Голдстайн, Робертс и Мак, отследив происхождение мифа, докопались до цепи искажений, перемешавшей различные виды жертв: боевые потери одной эпохи сравнивались с боевыми потерями, косвенной гибелью, ранениями и беженцами другой. Мак и Голдстайн прикинули, что на долю гражданских лиц приходится примерно половина прямых смертей и пропорция эта меняется от войны к войне, но не растет со временем. И действительно, далее мы увидим, что в последние годы она значительно снизилась.
Из всех новых эпидемиологических оценок самого широкого внимания удостоилось исследование журнала Lancet, посвященное смертности в Ираке[809]. Команда из восьми иракских медицинских работников ходила от двери к двери в 18 регионах страны и опрашивала людей о недавно умерших родственниках. Эпидемиологи вычли уровень смертности в годы до вторжения 2003 г. из уровня смертности в последующие годы, считая, что разницу нужно отнести на счет войны, а затем умножили получившуюся пропорцию на размер населения Ирака. Эта арифметика предполагает, что число умерших во время войны выросло на 655 000 человек. И 92 % этих дополнительных смертей, по словам родственников, были прямыми смертями от пулевых ранений, воздушных налетов и заминированных автомашин, а не косвенными — от голода и болезней. Если так, данные стандартного подсчета жертв в Ираке занижены в семь раз.

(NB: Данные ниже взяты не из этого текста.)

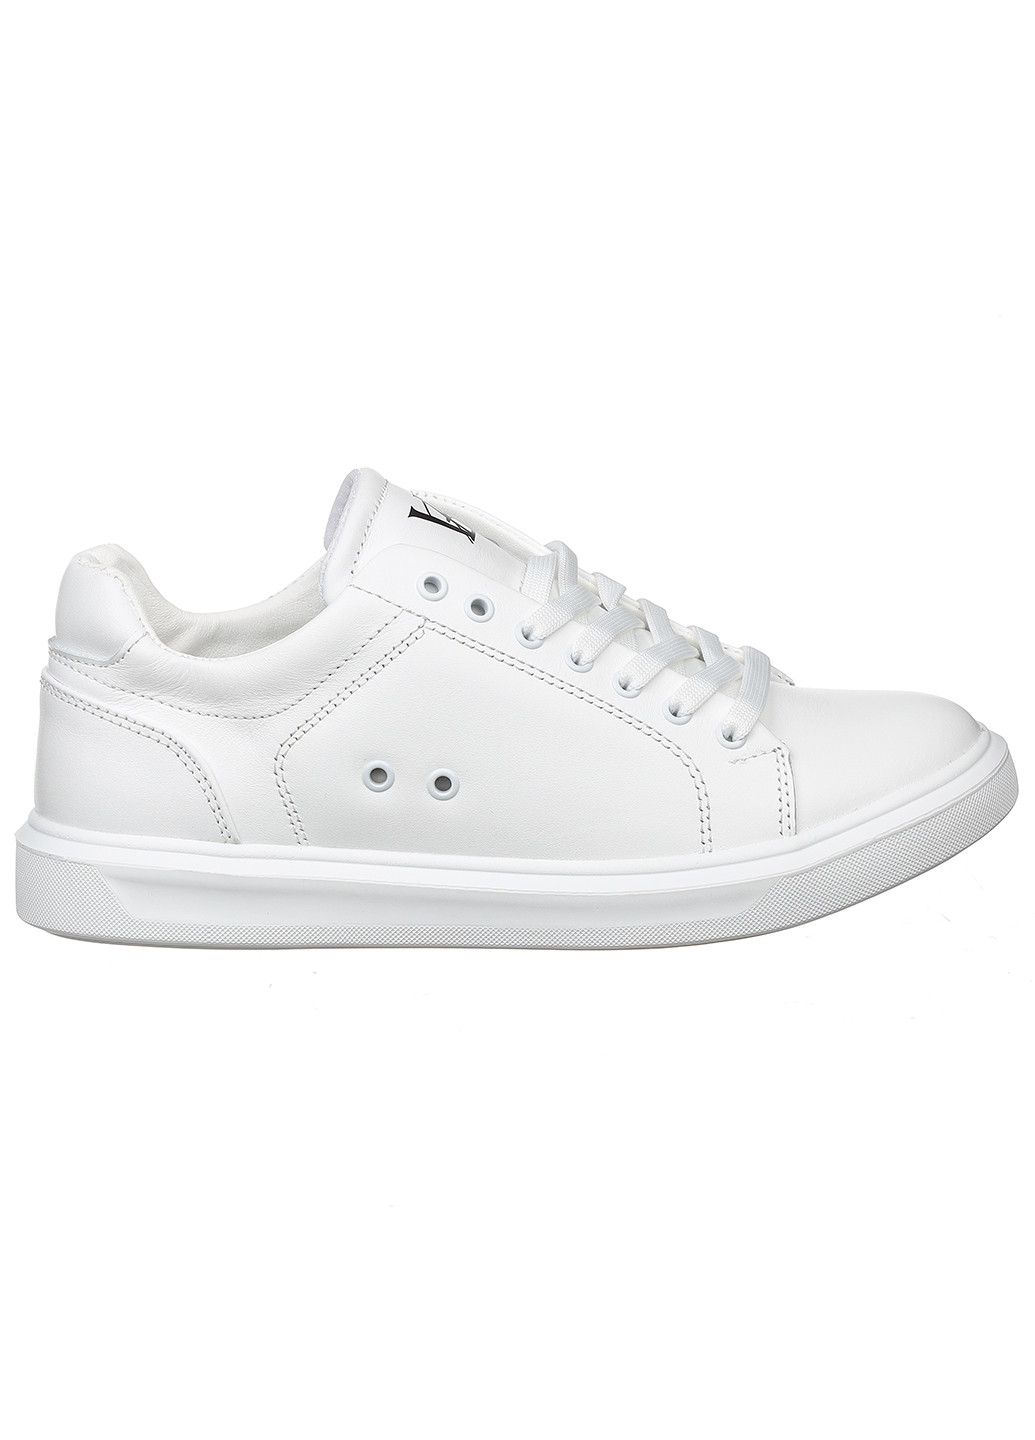 Белые демисезонные женские кроссовки 10126-06 Best Vak

Но без дотошных критериев формирования выборки, экстраполяция цифр на всю популяцию может сильно отклониться. Команда статистиков под руководством Майкла Спагата и Нила Джонсона сочла эти оценки недостоверными и обнаружила, что непропорционально большое количество опрошенных семей живет на главных улицах и перекрестках — как раз в тех местах, где бомбардировки и перестрелки наиболее вероятны[810]. В углубленном исследовании, проведенном ВОЗ, были получены цифры, которые в четыре раза меньше приведенных в журнале Lancet, и даже для такого результата потребовалось завысить первоначальные показатели на поправочный коэффициент 35 %, чтобы компенсировать ложь, переезды и провалы в памяти. Нескорректированные цифры ВОЗ составляют около 110 000, что уже гораздо ближе к числу жертв боевых действий[811].